Qualche europeo, specie se ha denaro in tasca, ce la farà a sbarcare, come un tempo capitava ad africani in arrivo sul suolo della fortuna europea. Finirà nelle grinfie delle mafie europee e locali, complici nel rinchiuderlo in quarantene inospitali, dove lo spoglieranno di ogni bene, violeranno i suoi affetti, affosseranno la sua dignità.
Senza arrivare ai toni apocalittici di un Trueba, la prospettiva del quadro italiano per il dopo Covid-19, presenta più di un problema. Diamo per scontato che avremo un debito pubblico cresciuto in modo straordinario e che andrà fatto prima o poi rientrare, presumibilmente stringendo la cinta e mettendo la mano al portafoglio. Diamo per scontato che l’economia farà fatica a risalire e che le fette di mercato perse al tempo del contagio non è ovvio che si riconsegnino subito ai nostri esportatori. Il paese si ritroverà più povero e con più disoccupati. Inoltre, presumibilmente si accentuerà, almeno nel breve, lo squilibrio demografico, per l’ovvia ragione che in molti penseranno ad andarsene e che a molte giovani coppie per un po’ sarà passata la voglia di mettere al mondo figli. È presumibile che le opposizioni accusino il governo dell’accaduto, e che il mai sopito conflitto tra stato centrale, regioni e autonomie, trovi nuova esca nel bisogno di una riforma urgente della sanità pubblica.

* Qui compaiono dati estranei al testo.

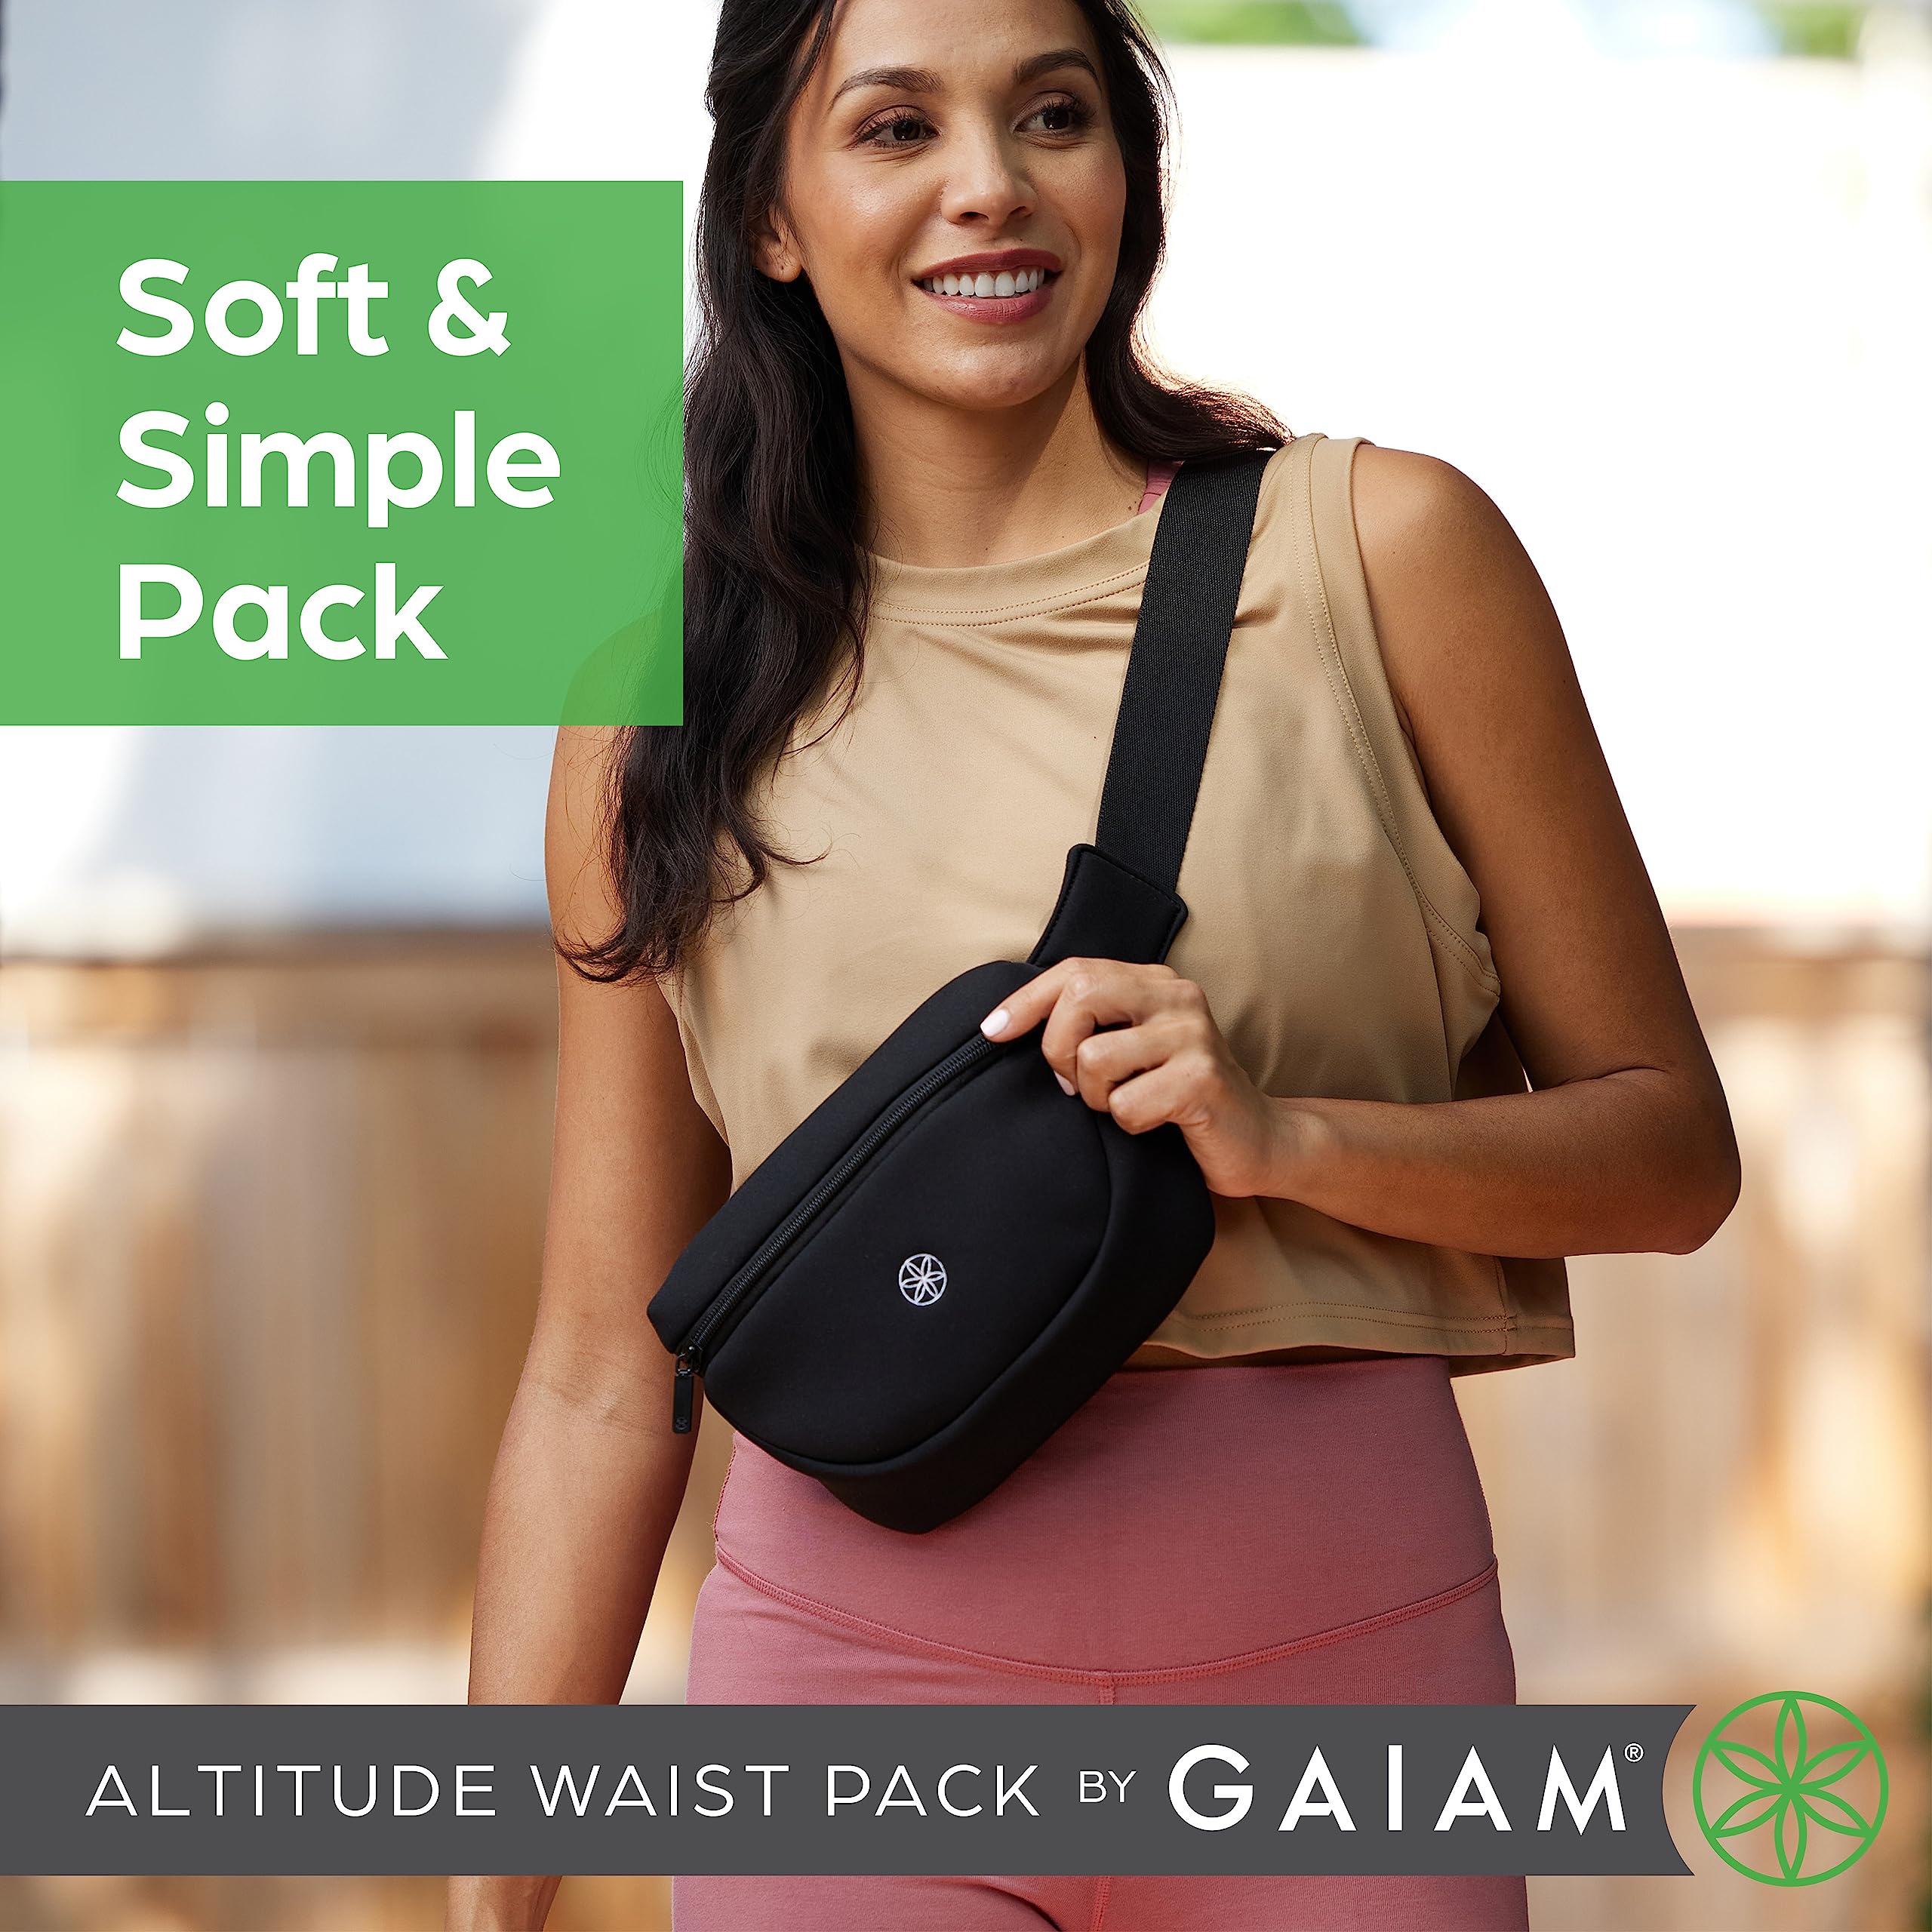 Gaiam Altitude Waist Pack - Storage Belt Bag for Women And Men - Adjustable Belt With Lightweight Pouch For Storing Essentials

In quel quadro presumibilmente problematico, peseranno sulle nostre coscienze i numeri dei contagiati e dei morti, per ora assolutamente superiori a quelli di altre nazioni. Nella sera italiana del 17 marzo, contiamo 31.500 contagiati e 2.500 morti. Rispetto alla Cina, campione della nefasta statistica, abbiamo lo 0,052% della popolazione infetta, un’enormità rispetto allo 0,0057 cinese; i nostri morti sono il 7, 94% dei contagiati, quelli della Cina il 3,97%. Registriamo pertanto una percentuale doppia di decessi sul numero dei contagiati. E in Cina sembra si siano praticamente fermati in quanto a contagi e morti; noi no e fra tre giorni, salvo un arresto del trend, avremo in numeri assoluti più morti della Cina. Vedremo, nella prossima decade se inizieremo finalmente la curva discendente.
Solo se durerà il collante che sta tenendo unito il paese in questi giorni, riusciremo a uscirne. Ma tante, davvero tante cose dovranno cambiare.